John turned and kicked at a rock in the road, which failed to budge, embedded in the mud. “Fuckin’ hell,” he said. “I don’t want to have a barney. I’m knackered.”

“Right. Ritchie,” Paul said. “Come with us.”

He could’ve laughed: I’m gonna ask him, and then not a question at all. Paul’s head was back, his shoulders square; he’d made up his mind. Ritchie should have laughed, but that certainty nudged the world a little off its axis.

“You’re fuckin’ mad, you are,” he finally said. George’s lips parted but no sound came out. In the black depths of his eyes there was a stirring of life, something waking. “You’re askin’ me to abandon me post. You’re out of your heads,” Ritchie said, speaking to Paul, staring at George. 

“What is your post? Turnin’ your weapon on men from your own country. You’re not doin’ anything more to beat the Hun than we are.” John’s voice was bright with bitterness.

“Me post is—it’s me post!”

“You standin’ at this crossroads doesn’t matter. The war doesn’t matter. We haven’t won, we haven’t lost, we’ve done nothin’ at all over here but kill and grow poppies.

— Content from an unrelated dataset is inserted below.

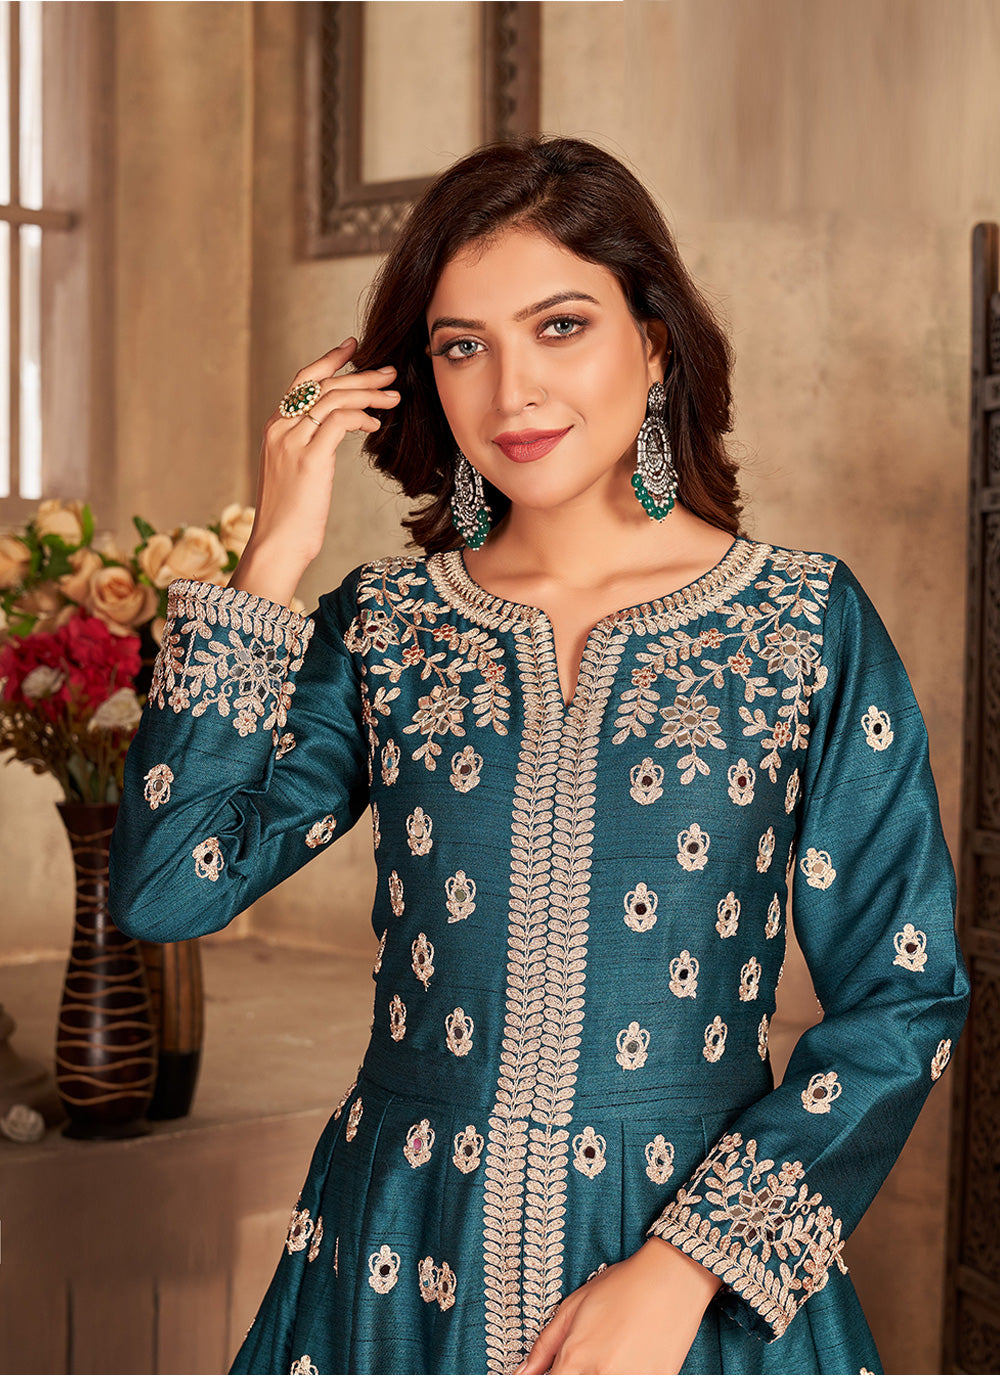 Bella Fancy Dresses Salwar Kameez Teal Blue Art Silk Floor Length Designer Suit
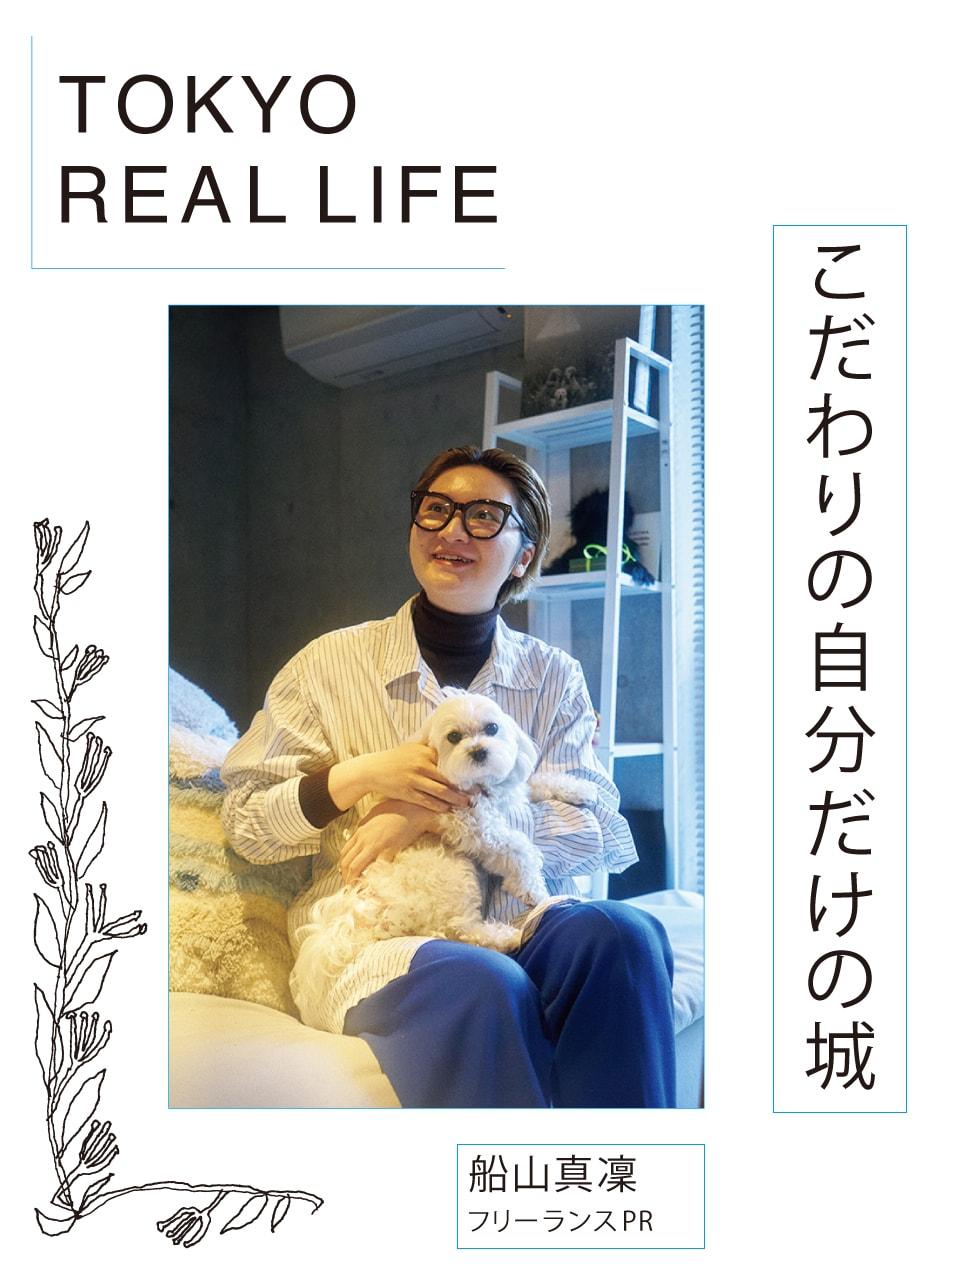 「ここにあるのは 本当に必要なものだけ」【 TOKYO REAL LIFE vol.11 船山真凜さん】

Well, we’re not fuckin’ killers, we’re fuckin’ musicians and we’re goin’ to Switzerland and for some reason George thinks you ought to go with us so—come’ead.”

Ritchie stood thunderstruck. His training blared Sedition in his mind. But he thought back to Loos, felt the itch in his throat. Gassed. By his own side.

He looked again at George’s face, and George looked back and this time he saw true recognition, and the alarm going off in his head grew fainter, more distant, and what was close and clear was the memory of George’s laughter. He took a deep breath. A step in the direction they were going was almost certainly a step toward death. But wasn’t that every step, over here?

To die in front of a firing squad, stone drunk and blindfolded… There were worse ends he could come to. Drowned. Minced by a minenwerfer. Screaming his throat out in no-man’s-land. And if—it would take a miracle—if the miracle came—

Then he would be in Switzerland, and he might even hear George laugh again, someday. 

Forty or fifty paces down the road, he said to Paul, “How is it different?”

“Oh,” Paul said. “Well, John’s mum died, see, and he went roarin’ all over Merseyside, and when he sobered up he was holdin’ his enlistment papers. And then Stu joined up to look after him, and then me and George and Pete joined up because home was dead dull without John.”

John, walking in front, suddenly slowed his pace so that Paul and Ritchie came up even with him. He said, in a hard, cold, insistent voice, “Julia didn’t die. Your mum died. Mine was killed.”

“All right, John,” Paul said gently, and Ritchie had the sense that he’d said it a thousand times before, and would keep on saying it as long as he needed to. He felt himself an intruder on their history, and in a quiet loneliness he dropped back to where George was.

George turned, looking at Ritchie with those lightless eyes, and his mouth tensed just slightly and Ritchie was appreciative, understanding that it was as close to smiling as George could get.